SECTION ONE Certain Commitment Reductions.
(a) On the TG Revolver Effective Date, immediately after giving effect to the Separation, the Tranche C Revolving Commitment of each Lender that is a TG Lender shall be hereby reduced (the “Commitment Reduction”) by an amount equal to the aggregate amount of TG Revolving Commitments of such Lender under the TG Credit Agreement as of the TG Revolver Effective Date. In connection with such Commitment Reduction, the provisions of subsection 2.3 of the Credit Agreement, including but not limited to notice from the Parent Borrower and minimum reduction amounts, are hereby waived.
(b) Upon the occurrence of the TG Revolver Effective Date, the Parent Borrower shall, on such date, deliver to the Administrative Agent a certificate signed by a Responsible Officer specifying (i) the TG Revolver Effective Date and (ii) the amount of the Commitment Reduction for each Lender that is a TG Lender under the TG Credit Agreement. The Administrative Agent shall be entitled to rely on such certificate without any further duty to inquire and is hereby authorized to prepare Schedule A to this Amendment No. 3, reflecting the Tranche C Revolving Commitments as of the TG Revolver Effective Date after giving effect to the Commitment Reduction, based on such certificate delivered by the Parent Borrower and without any duty to inquire by the Administrative Agent.
(c) Upon the effectiveness of the Commitment Reduction, the Lenders’ participations in outstanding Swing Line Loans and/or L/C Obligations, as the case may be, shall be reallocated so that after giving effect to the Commitment Reduction, the Lenders share ratably in the Swing Line Loans and/or L/C Obligations then outstanding in accordance with their applicable Commitments. Concurrently with, or prior to, the effectiveness of the Commitment Reduction, the Borrowers shall prepay all Revolving Loans incurred prior to the effectiveness of the Commitment Reduction and then outstanding. In connection with such prepayment, the provisions of subsection 3.4 of the Credit Agreement, including but not limited to notice from the Parent Borrower and minimum prepayment amounts, are hereby waived.

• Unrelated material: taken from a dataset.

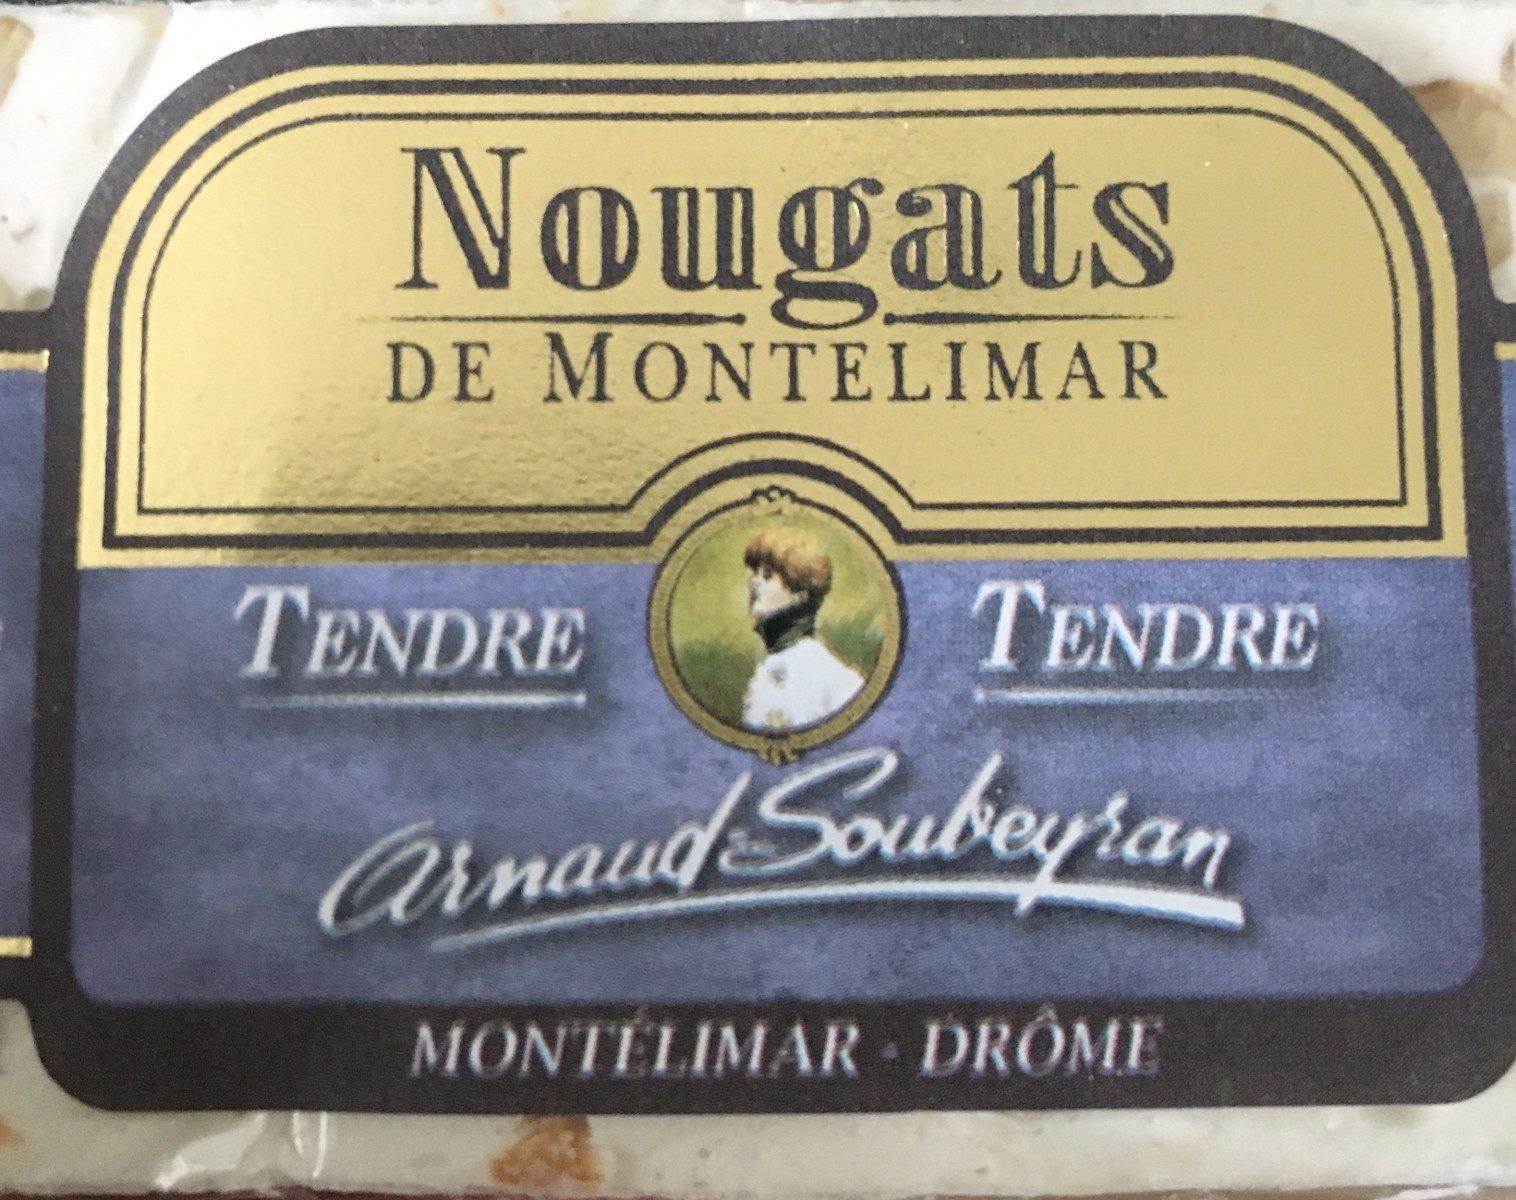 Nougats de montelimar - Produit - fr

(d) The provisions of this Section 1 shall terminate and no longer be effective if the TG Revolver Effective Date does not occur on or prior to March 31, 2014.

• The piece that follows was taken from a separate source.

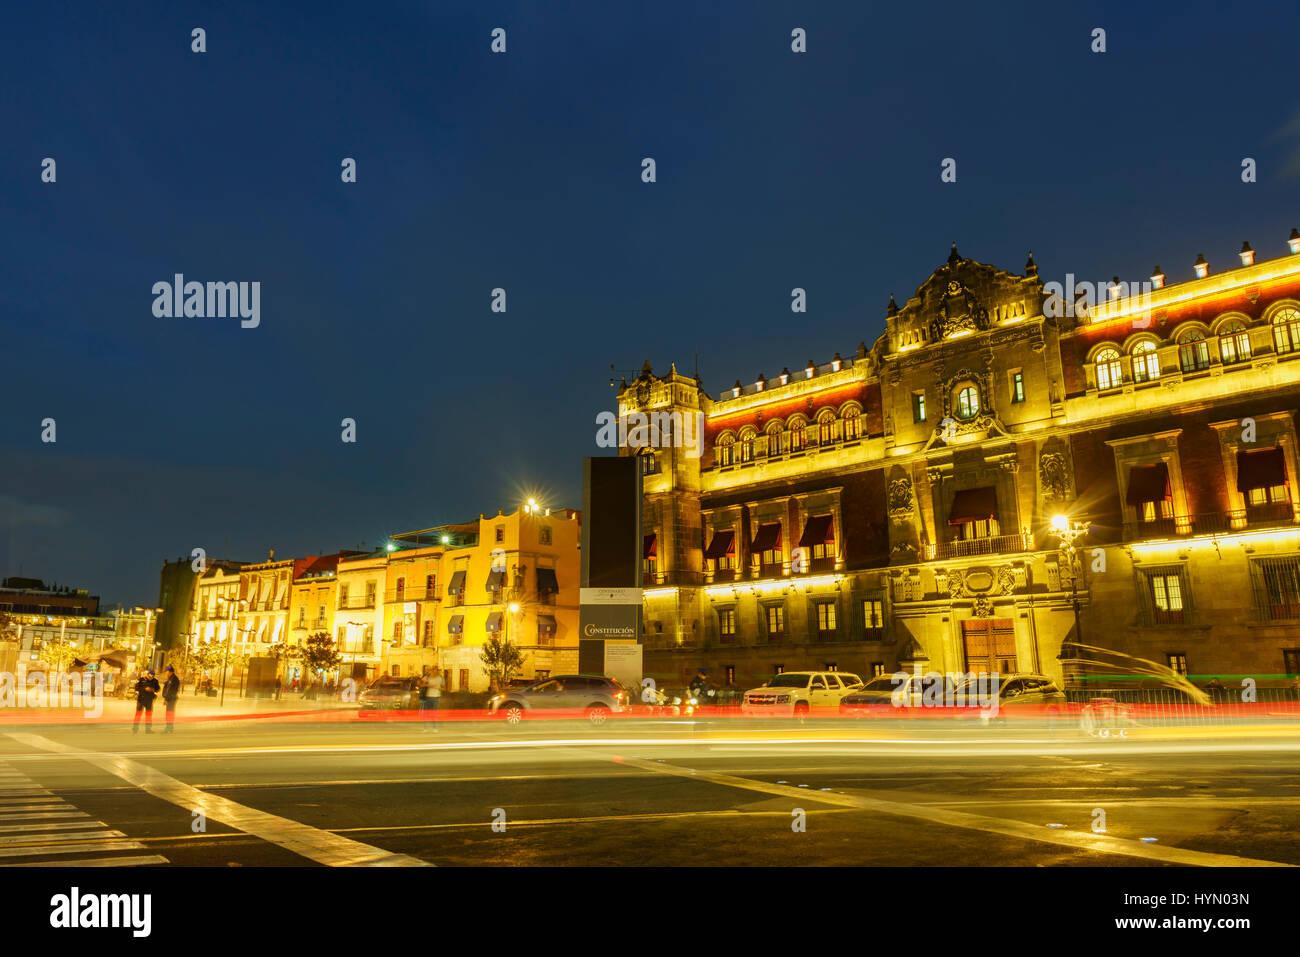 Escena nocturna del histórico Palacio Nacional de Ciudad de México Imagen De Stock

SECTION TWO Amendment No. 3 Effective Date Amendments. Each of the parties hereto hereby acknowledges, agrees and consents that the Revolving Credit Agreement will be amended as provided in this Section, effective as of the Amendment No. 3 Effective Date and without any further action or consent on any such party’s part or on the part of any of its successors, transferees or assigns to or of its rights or interests in or arising under any Revolving Commitment or Revolving Loan (it being further understood and agreed that the
foregoing consent shall be binding on all such successors and assigns, each of which will acquire any such right or interest in any Revolving Commitment or Revolving Loan subject to such consent):
(a) The first and second recitals are hereby amended and restated in their entirety as follows:
“WHEREAS, CDRSVM Topco, Inc., a Delaware corporation (together with any successor thereto, “Holding Parent”), and CDRSVM Acquisition Co., Inc., a Delaware corporation (“Acquisition Co.”), each newly formed companies organized by Xxxxxxx, Dubilier & Rice, Inc. or its Affiliates, entered into an Agreement and Plan of Merger with the Parent Borrower, dated March 18, 2007 (the “Merger Agreement”), pursuant to which Acquisition Co. merged with and into the Parent Borrower on the date hereof, with the Parent Borrower as the surviving corporation (the “Merger”).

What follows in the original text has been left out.